UK chancellor George Osborne is presenting the 2013 Budget to parliament at 12:30 GMT (8:30 a.m. ET).
Osborne, who joined Twitter this morning, is widely expected to stick to his plans and deliver more austerity even as the country has been stripped of its AAA rating and teeters close to a triple dip recession.
Osborne already asked most departments to cut their budgets by an additional 1 percent in 2013 and 2014, thereby freeing up £2.5 billion for capital spending. In December, he announced cuts of 1 percent in 2013-2014, and 2 percent in 2014-2015, to the budgets of various departments.
We will have the highlights here.
George Osborne has begun speaking at Parliament. He began by saying, "This is a budget for people who aspire to work hard and get on." Osborne sees a budget for people who want to own homes.
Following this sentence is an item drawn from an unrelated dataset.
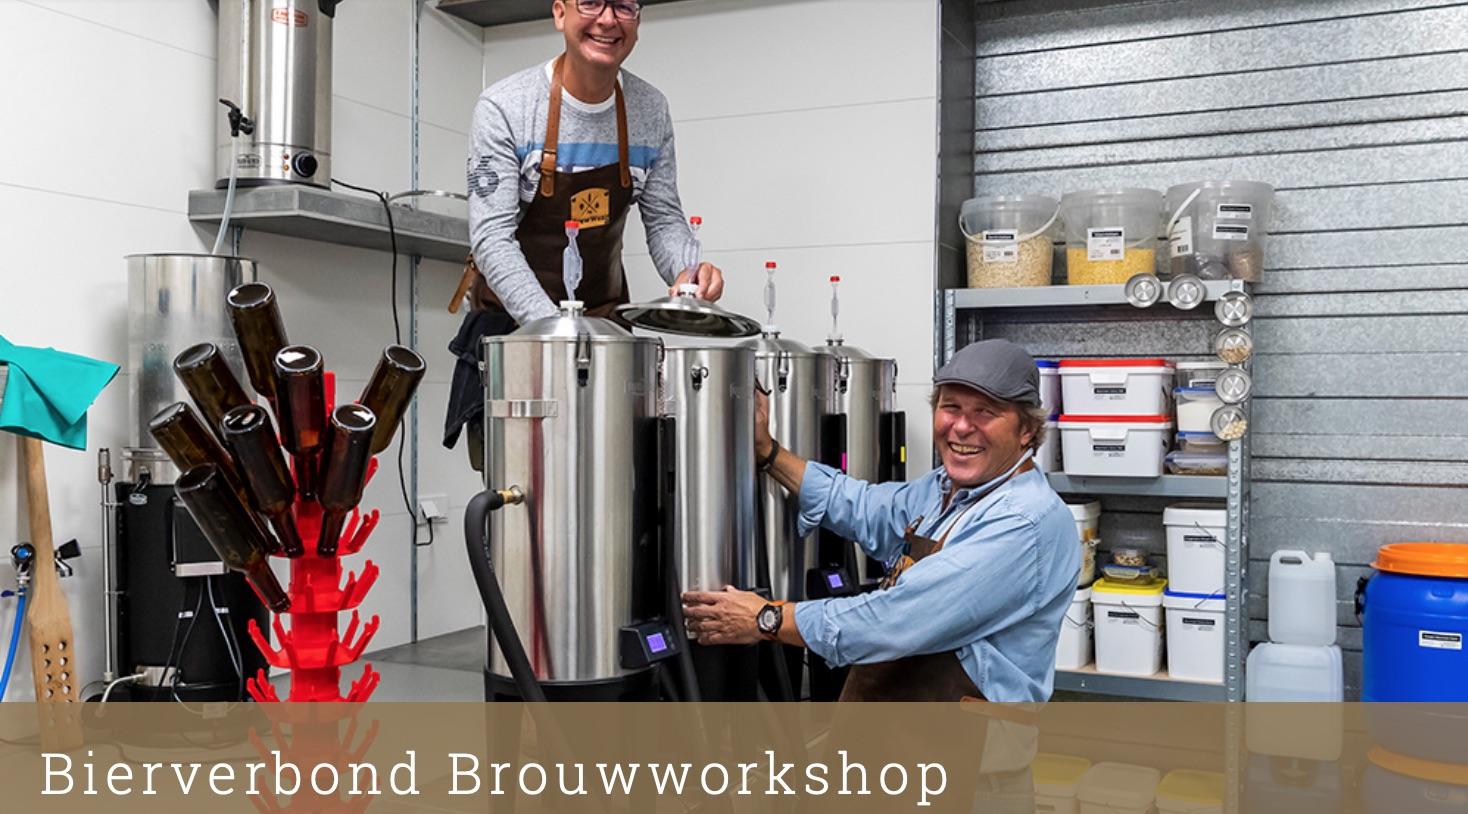 Brouwworkshop bij Brouwerij Bierverbond
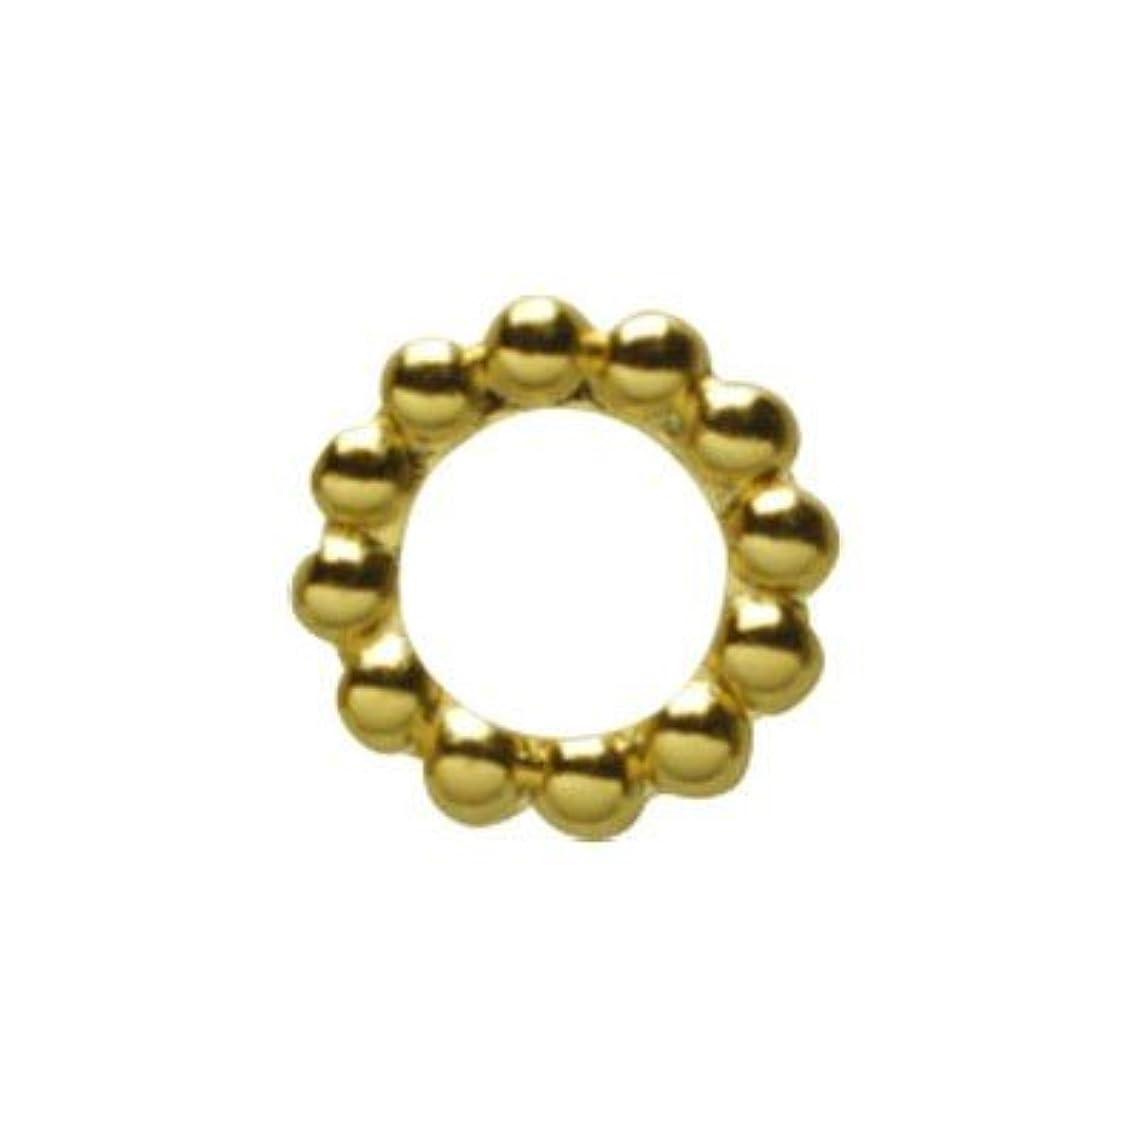 最後のタオルディベートピアドラ ブリオンフレーム ss9用 30P ゴールド

Osborne is being booed by members of parliament.
The Office of Budget Responsibility (OBR) now expects 600,000 more jobs and 60,000 fewer claiming unemployment benefits.
It sees a budget deficit at 7.4 percent of GDP. Public debt is expected to reach 79.5 percent of GDP in 2013.
GDP is expected to rise 0.6 percent in 2013, compared with 1.2 percent in the autumn statement, and 1.8 percent in 2014, from 2 percent in the AS.
Bank of England's Remit
Osborne as expected revealed a review of the remit. This would recognize use of unconventional tools and the MPC could issue explicit forward guidance and has asked the Bank of England to assess the benefit of forward guidance. He said Mervyn King and incoming BoE governor Mark Carney have seen the remit and agreed to it.
Yesterday, we saw activists campaigning to ensure that Osborne stuck to his promise to contribute to international aid. Osborne just confirmed that the UK will spend 0.7 percent of GDP on international aid.
Osborne said there will be tax relief for shale gas. Interestingly, he said the ceramic industry would be exempt from climate change taxes on energy costs.
Osborne says main corporate tax will be lowered to 20 percent in 2015. He says, "Britain is open for business."
Beer duty escalator scrapped. Osborne said he was cutting beer duty by one pence, "a penny off the pint". But there will be increases in on all other types of alcohol.
Osborne said he wants to support jobs. He said the final tax cut is the biggest in the Budget. The new employment allowance will cut national insurance bills by £2,000 per employee. That means 450,000 small businesses will pay no jobs tax.